如何将这些参考字符串解析为 pdf 中提到的多个参考?任何形式的帮助将不胜感激。

fur*_*ras 5

PDF非常复杂,我不是专家,但我使用了extractText() 的源代码来查看它是如何工作的,并且使用print('>>>', operator, operands)我可以看到它在 PDF 中找到的值。

在本文档中,它用于"Tm"将位置移动到新行,因此更改了原始代码extractText(),我曾经"Tm"添加\n并在行中获取文本

Arto Anttila. 1995. How to recognise subjects in 
English. In Karlsson et al., chapt. 9, pp. 315-358. 
Dekang Lin. 1996. Evaluation of Principar with the 
Susanne corpus. In John Carroll, editor, Work- 
shop on Robust Parsing, pages 54-69, Prague. 
Jason M. Eisner. 1996. Three new probabilistic 
models for dependency parsing: An exploration. 
In The 16th International Conference on Compu- 
tational Linguistics, pages 340-345. Copenhagen. 
David G. Hays. 1964. Dependency theory: A 
formalism and some observations. Language, 
40(4):511-525. 
Run Code Online (Sandbox Code Playgroud)

或与---线之间

---
Arto Anttila. 1995. How to recognise subjects in 
---
English. In Karlsson et al., chapt. 9, pp. 315-358. 
---
Dekang Lin. 1996. Evaluation of Principar with the 
---
Susanne corpus. In John Carroll, editor, Work- 
---
shop on Robust Parsing, pages 54-69, Prague. 
---
Jason M. Eisner. 1996. Three new probabilistic 
---
models for dependency parsing: An exploration. 
---
In The 16th International Conference on Compu- 
---
tational Linguistics, pages 340-345. Copenhagen. 
---
David G. Hays. 1964. Dependency theory: A 
---
formalism and some observations. Language, 
---
40(4):511-525. 
Run Code Online (Sandbox Code Playgroud)

但它仍然不是那么有用,但现在我用来得到这个结果的代码

import PyPDF2
from PyPDF2.pdf import *  # to import function used in origimal `extractText`

# --- functions ---

def myExtractText(self):  
    # code from original `extractText()`
    # https://github.com/mstamy2/PyPDF2/blob/d7b8d3e0f471530267827511cdffaa2ab48bc1ad/PyPDF2/pdf.py#L2645
    
    text = u_("")

    content = self["/Contents"].getObject()
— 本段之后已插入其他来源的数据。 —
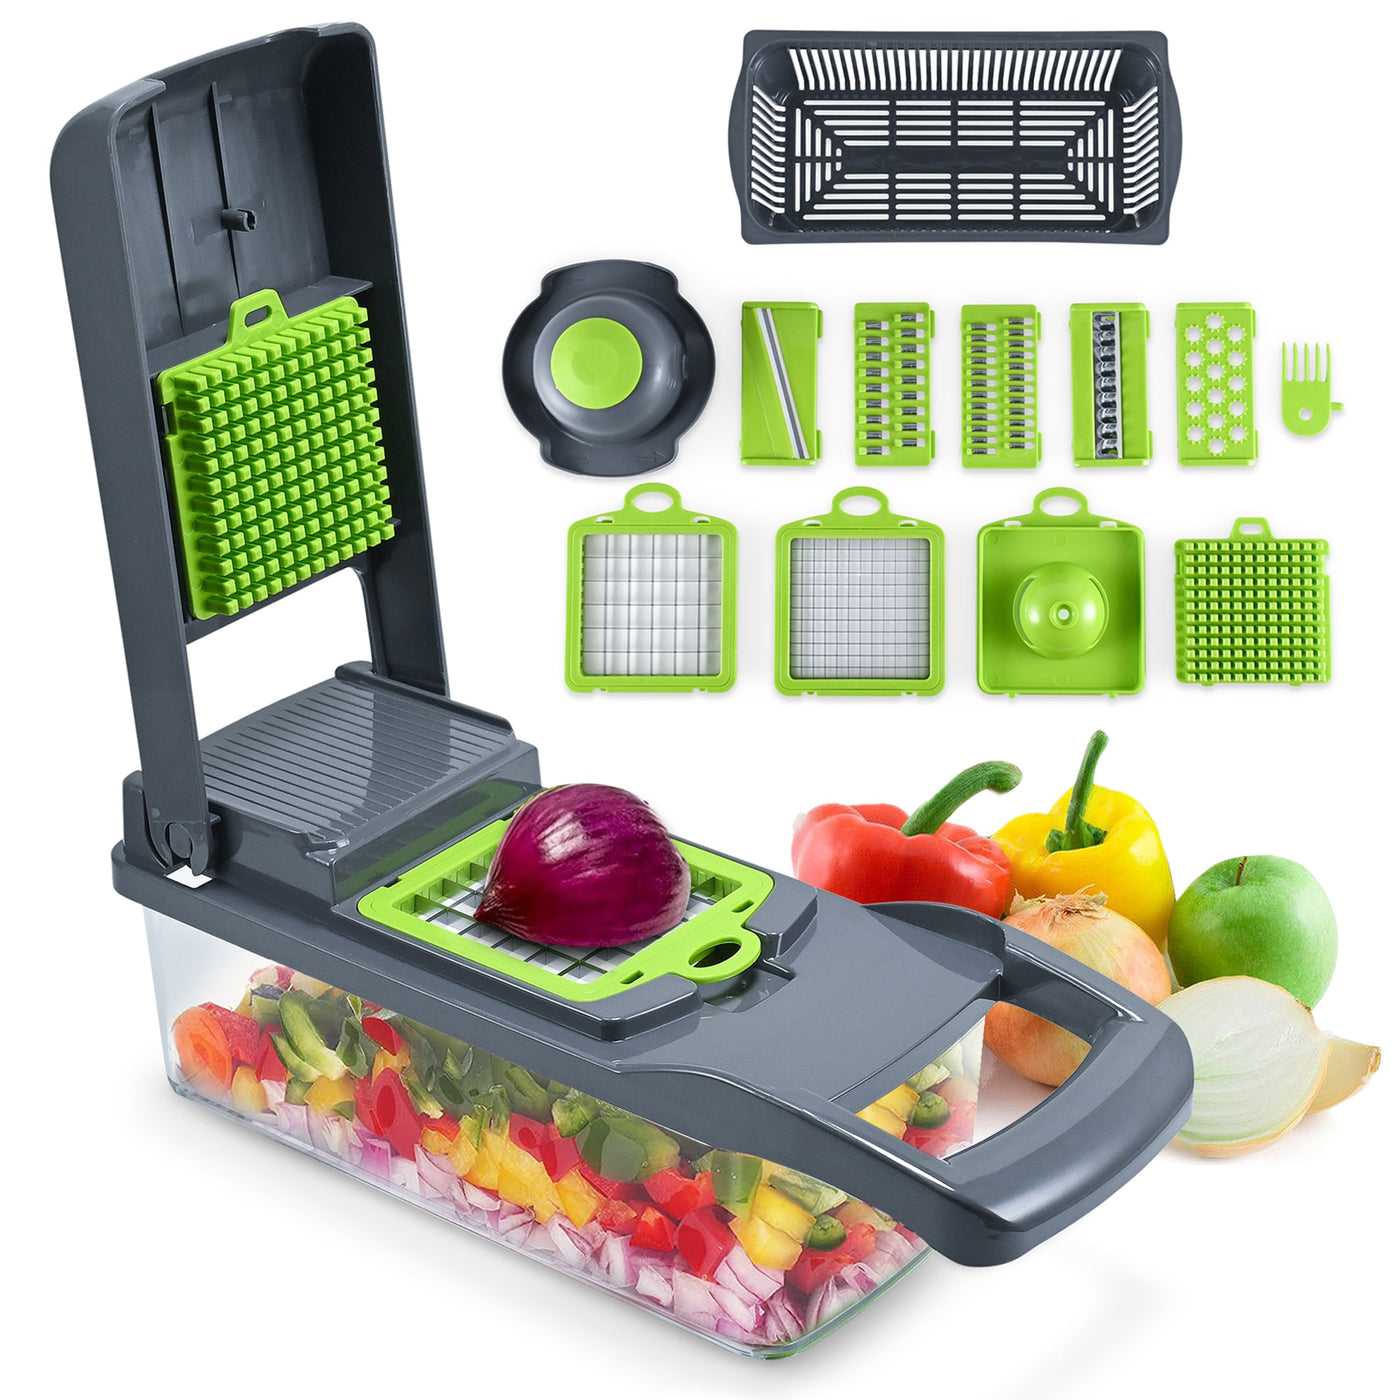 Cheer Collection 10 In 1 Food Slicer And Vegetable Cutter With 8
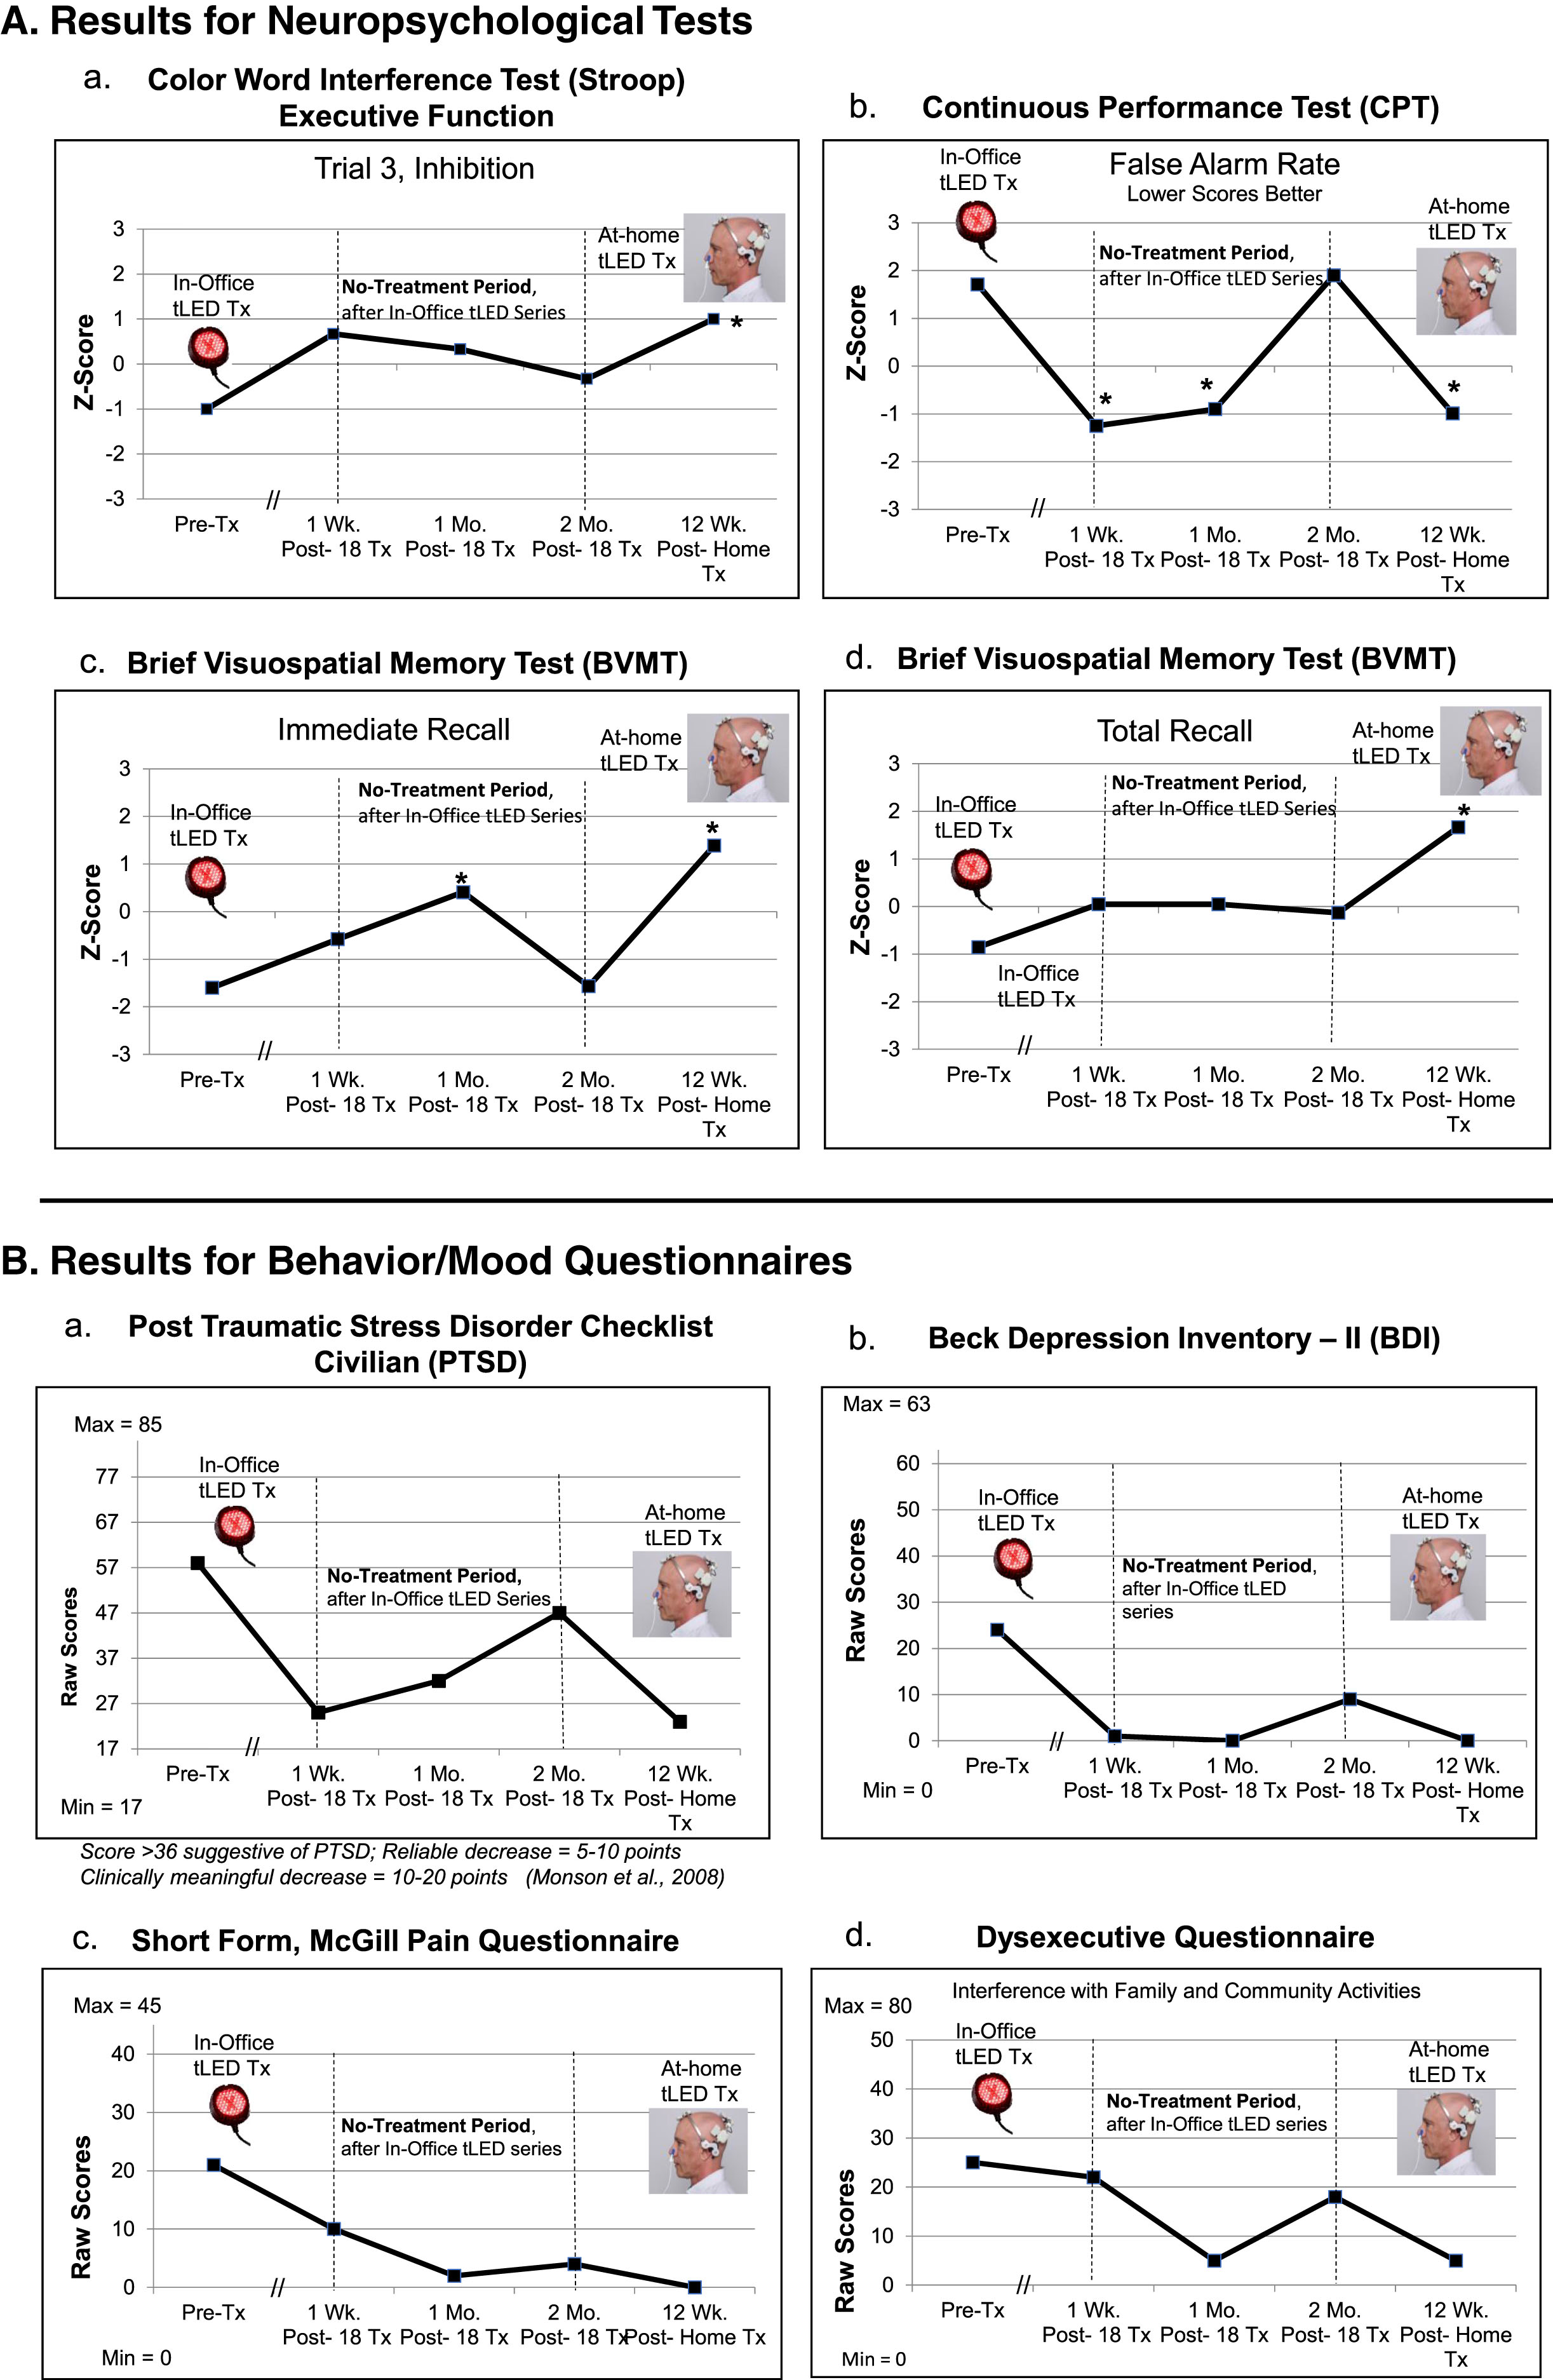 P1, cognitive and behavior/mood results. A) Z-Score graphs for some NP tests (Stroop, CPT, BVMT) after the initial, In-office tPBM series (Protocol A); and the later, at-home series (Protocol B). B) Self-ratings for behavior/mood questionnaires after each series. These ratings showed a pattern similar to NP tests, e.g., improvements at 1 week or 1 month after initial series, but worsening 2 months later, especially, PTSD/PCL-C (a). Graphs show improved (lower) ratings after the 12-week, at-home series. See Supplementary Tables 3A and 3B. NP, neuropsychological; PTSD/PCL-C, Post-traumatic Stress Disorder Checklist, Civilian; the // refers to time period when 18 tPBM treatments were applied; *p < 0.05.

    if not isinstance(content, ContentStream):
        content = ContentStream(content, self.pdf)
    
    for operands, operator in content.operations:
        # used only for test to see values in variables
        #print('>>>', operator, operands)

        if operator == b_("Tj"):
            _text = operands[0]
            if isinstance(_text, TextStringObject):
                text += _text
        elif operator == b_("T*"):
            text += "\n"
        elif operator == b_("'"):
            text += "\n"
            _text = operands[0]
            if isinstance(_text, TextStringObject):
                text += operands[0]
        elif operator == b_('"'):
            _text = operands[2]
            if isinstance(_text, TextStringObject):
                text += "\n"
                text += _text
        elif operator == b_("TJ"):
            for i in operands[0]:
                if isinstance(i, TextStringObject):
                    text += i
            text += "\n"

        # new code to add `\n` when text moves to new line
        elif operator == b_("Tm"):
            text += '\n'
            
    return text
    
# --- main ---

pdfFileObj = open('A97-1011.pdf', 'rb')
pdfReader = PyPDF2.PdfFileReader(pdfFileObj)

text = ''

for page in pdfReader.pages:
    #text += page.extractText()  # original function
    text += myExtractText(page)  # modified function

# get only text after word `References`
pos = text.lower().find('references')
text = text[pos+len('references '):]
    
# print all at once
print(text)

# print line by line
for line in text.split('\n'):
    print(line)
    print('---')
Run Code Online (Sandbox Code Playgroud)

挖掘后,它似乎Tm也有值,并且有一个新的位置x, y,我用来计算文本行之间的距离,\n当距离大于某个值时,我添加。我测试了不同的值,并从值中17得到了预期的结果

---
Arto Anttila. 1995. How to recognise subjects in English. In Karlsson et al., chapt. 9, pp. 315-358. 
---
Dekang Lin. 1996. Evaluation of Principar with the Susanne corpus. In John Carroll, editor, Work- shop on Robust Parsing, pages 54-69, Prague. 
---
Jason M. Eisner. 1996. Three new probabilistic models for dependency parsing: An exploration. In The 16th International Conference on Compu- tational Linguistics, pages 340-345. Copenhagen. 
---
David G. Hays. 1964. Dependency theory: A formalism and some observations. Language, 40(4):511-525. 
---
Run Code Online (Sandbox Code Playgroud)

这里代码

import PyPDF2
from PyPDF2.pdf import *  # to import function used in origimal `extractText`

# --- functions ---

def myExtractText2(self):
    # original code from `page.extractText()`
    # https://github.com/mstamy2/PyPDF2/blob/d7b8d3e0f471530267827511cdffaa2ab48bc1ad/PyPDF2/pdf.py#L2645

    text = u_("")

    content = self["/Contents"].getObject()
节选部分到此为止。